Normal machine learning approaches use two sets of data, one for training and the other for testing. A larger set of data is often split into two. To get a better idea of performance the process is run multiple times with the data permuted before each run. Instances that are labeled as positive and classified as positives are considered true positives, instances labeled as negative but classified as positives are considered false positives. Our method focuses on false positives. We believe that if items are consistently labeled as a false positive by many different algorithms across many types of data intuitively they are similar to the positive data in some way. We base our predictions upon multiple false positive classifications over many classifiers and different data sets.

Data

We use messages from online health forums. The online forums we use consist of 27,290 public Health & Wellness Yahoo! Groups. Within these groups there is a total of 12,519,807 messages. These groups range from illness based support groups such as ones focusing on Multiple Sclerosis to groups focusing on herbal home remedies. The messages within these groups span seven years and consist of hundreds of thousands of unique email addresses that we consider as a proxy for people. These messages contain topics including information sharing, support seeking and information about experiences with medications. Two examples of messages taken from Yahoo! groups are in Table 1 below. While no formal content analysis was performed, it appears anecdotally that people who post tend to have more negative responses to medications. Our method relies on drugs being talked about in consistent ways. Despite the apparent overall negative affect, watchlist drugs are identified if there are disproportionately more instances of negative or adverse effect like language describing them compared with other drugs.

Table 1:

Example messages about Sibutramine highlighting side effects.

Date: 4/20/2003
Subject: I will be leaving the group
Hello to All
I have been on Meridia for a year and have lost about 45 pounds but now I am going off it due to health problems which my doctor feels was caused by it.
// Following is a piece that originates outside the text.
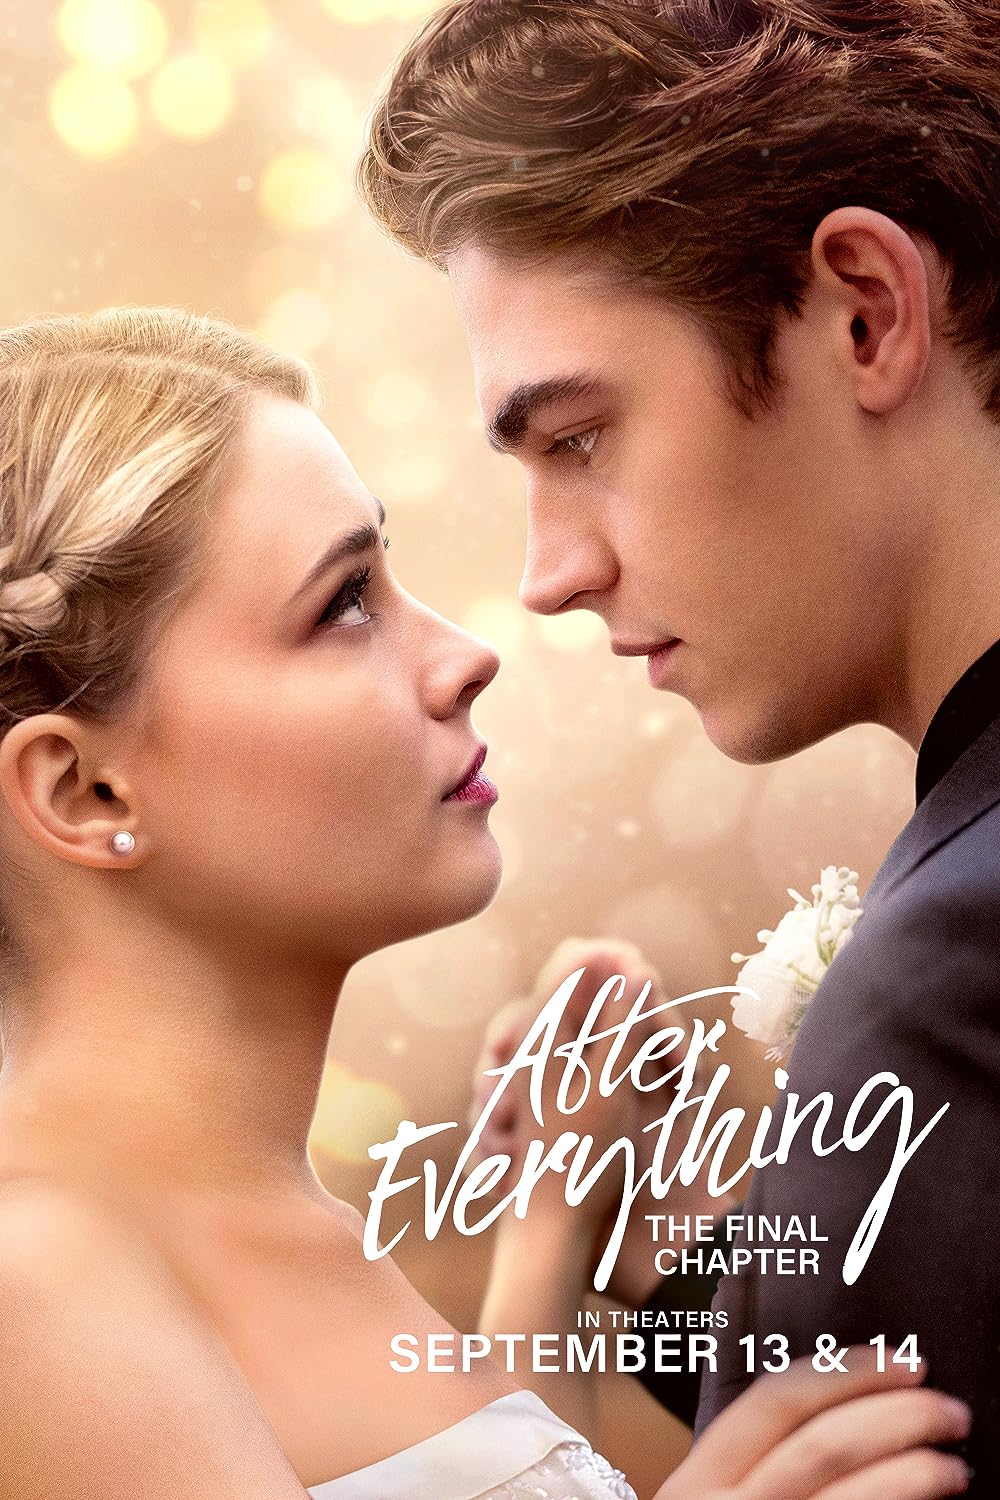 After Everything (February 1) - Streaming on NetflixAfter Everything is a sequel to 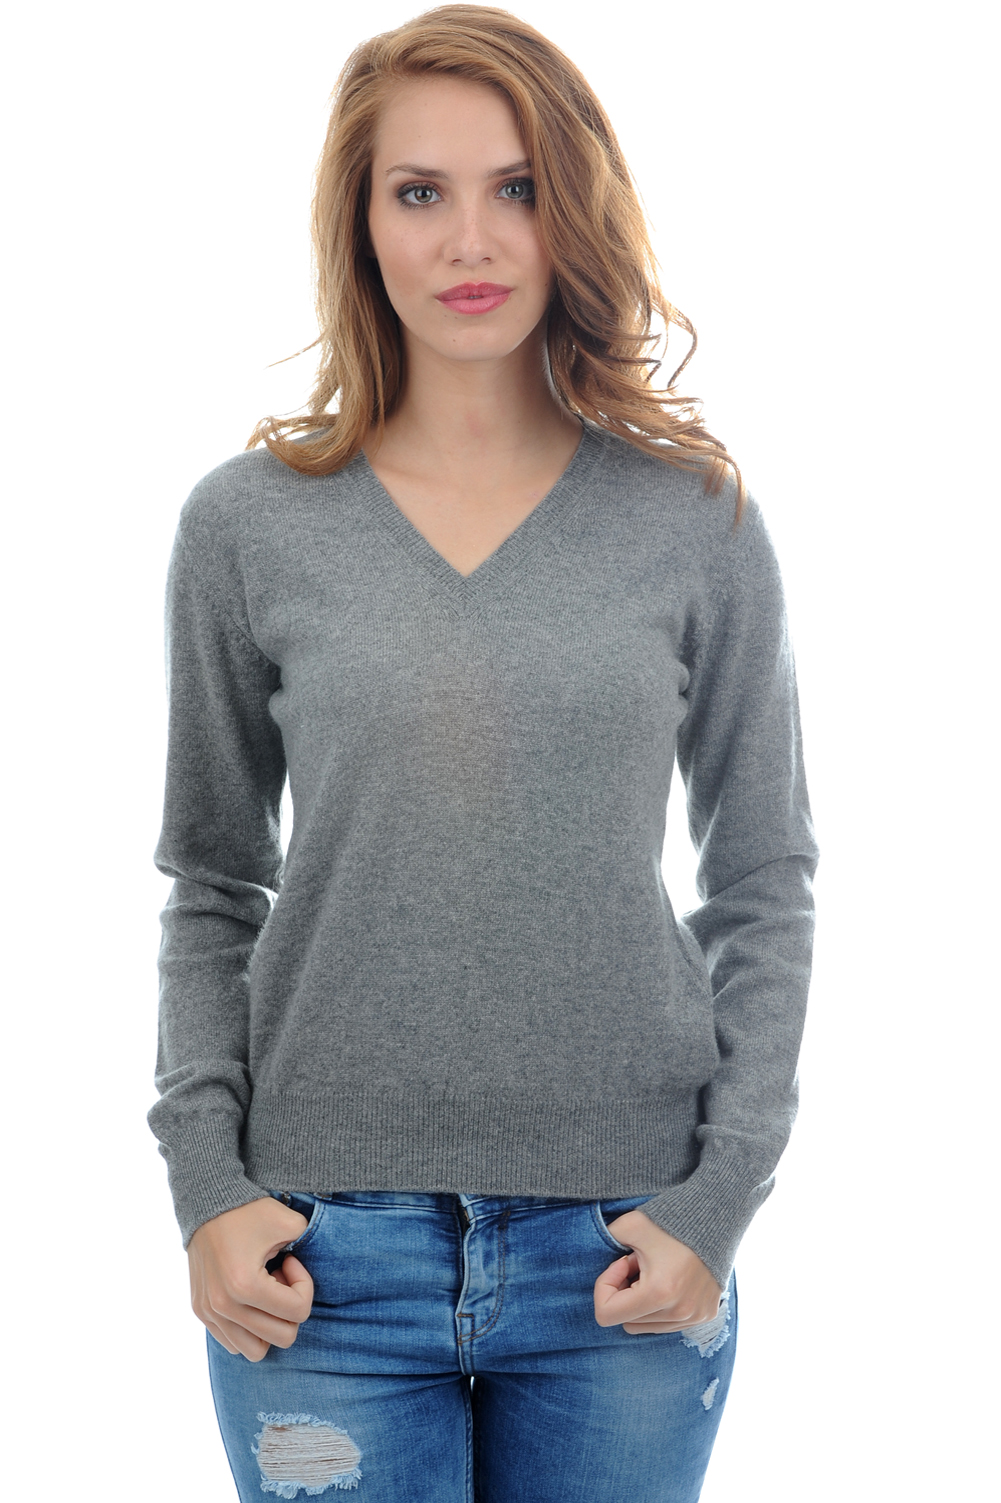 Cashmere ladies timeless classics faustine grey marl s

I had high, very high blood pressure, the doctor was going to try me on a blood pressure medication but felt I should stop Meridia first to see if it could be the possible trigger. i stopped Meridia two weeks ago and my blood pressure is back to normal. I was also having hair loss and mental confusions, unless I wrote things down I would forget all the time. I am so frustrated as I have lots more weight to lose and am scarred that I will gain all my other weight back but I don’t want to die from high blood pressure. I guess I will just have to deal with being over weight and learn to love myself. My finance was very upset by the article below and told me to stop taking the drug also. I also read the following on line. Take care everyone kimberly
Date: 2/9/2006
Subject: Re: [Meridia Forum] Hi, I’m new!
I was on Meridia and lost over 27 pounds, all of which I have kept off.
However, I had alarming heart rhythm problems so I stopped the Meridia after 1 month.
Please keep in mind that Meridia WAS listed in Consumer Reports as a potentially unsafe drug. I am living testimony that it was dangerous for me.
I have lost the rest of the weight by sheer willpower. The Meridia was a wonder drug but do weigh the risks of obesity with the risks of the drug.
Just my opinion –

Classification using machine learning algorithms typically require large amounts of training data. The performance of these classifiers is often commensurate with the amount of training data available. Due to the nature of the data available relatively few positive examples (watchlist drugs) are available with sufficient amounts of data. There are only 435 drugs with more than 500 unique messages mentioning them; of these there are 63 watchlist drugs. Similarly if we look at drugs with more than 250 unique mentions, there are only 575 drugs and 77 watchlist drugs. Approximately 90% of instances are non-watchlist drugs. This is somewhat comforting in terms of health and drug safety; only 10% of drugs are watchlist and are demonstrated to possibly cause adverse effects. However, in terms of machine learning experiments this leads to problems with bias and data scarcity. With highly unbalanced datasets it is difficult for a machine learning classifier to perform better than the naïve or baseline classifier of always picking the most dominant class.

Classification

The input into machine learning algorithms are feature vectors generated over the words people use to discuss the drugs. Feature selection is an important part of all machine-learning tasks. The goal is to use sufficient numbers of features to enable an algorithm to differentiate between instances both in the training set as well as unforeseen instances while limiting the amount of noise introduced.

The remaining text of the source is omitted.